In Rancher v1.6, sometimes a service can be stuck in a removing state.

All containers of this service were already deleted in the user interface. I verified this on the Docker hosts using “docker ps -a,” and yes, all container instances were correctly removed. But the service in Rancher was still stuck in removing.

Furthermore, in Admin -> Processes the service.remove processes (which seem to because of being stuck in that service removing in progress) never disappeared and were re-started every 2 minutes:

Although I’m not sure what caused this, the reason might be several actions happening on that particular service almost at the same time:

Resolution

As you can see, while I attempted a service rollback, another user deleted the same service at (almost) the same time. I wouldn’t be surprised if this has upset Rancher in such a way that the “delete” task happened faster than the “rollback,” causing the “rollback” to hiccup the system. The second “delete” attempt was to see if it would somehow “force” the removal, but it didn’t work. So far to the theory (only someone from Rancher could eventually confirm this or better give the real reason for what has happened), let’s solve this.

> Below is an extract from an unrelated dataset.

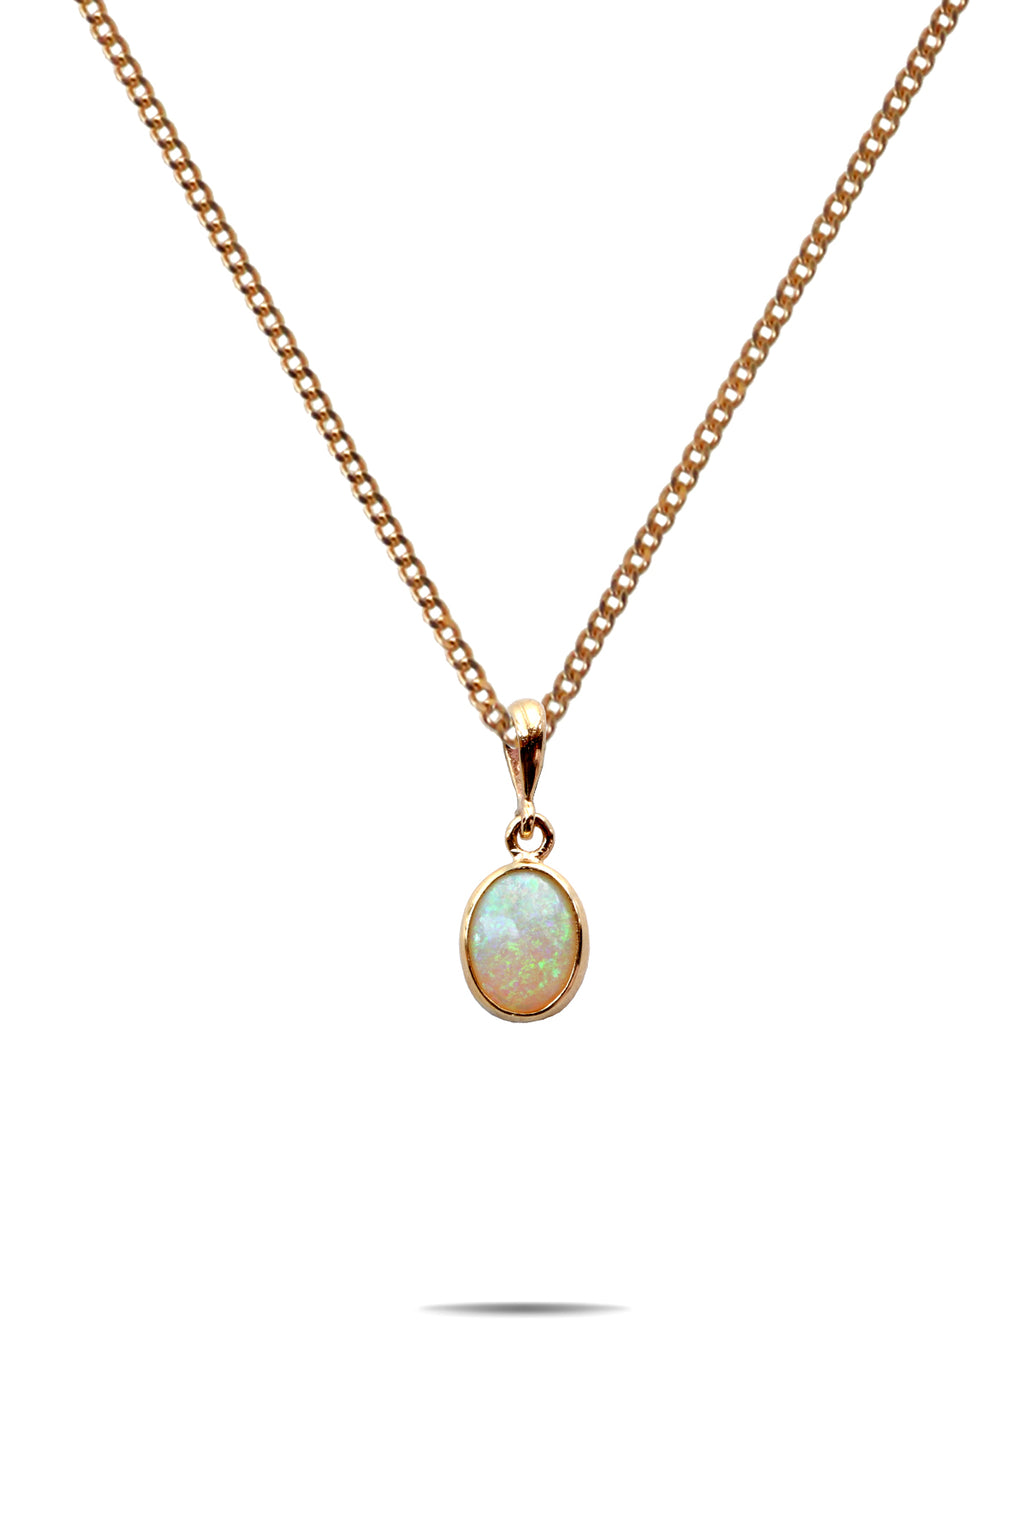 9ct Gold Small Opal Pendant

Because all attempts using the Rancher UI and API failed (the service stayed in removing state), I began my research and came across the following issues:

MySQL

  • To resolve this issue, we’ll need to login into the MySQL database that supports Rancher v1.6.
##Find the open process
select * from process_instance WHERE end_time is NULL;

##Kill all open process - if there is quite a large amount
UPDATE process_instance SET exit_reason='DONE', end_time=NOW() WHERE end_time is NULL;
  • If the service is still stuck in the removing status, then we’ll try to force the service back into Active status.

  • We’ll want to grab the resource_id using the following SQL.

select * from process_instance where end_time is NULL and process_name = 'service.remove';
  • We’ll first try to force the service back into Active then delete it again.
UPDATE service SET state = 'active' WHERE id = <<resource_id>>;
  • If the service fails to go back into Active status, we’ll want to force remove it.
UPDATE service SET state = 'removed', removed = NOW(), remove_time = NOW() WHERE id = <<resource_id>>;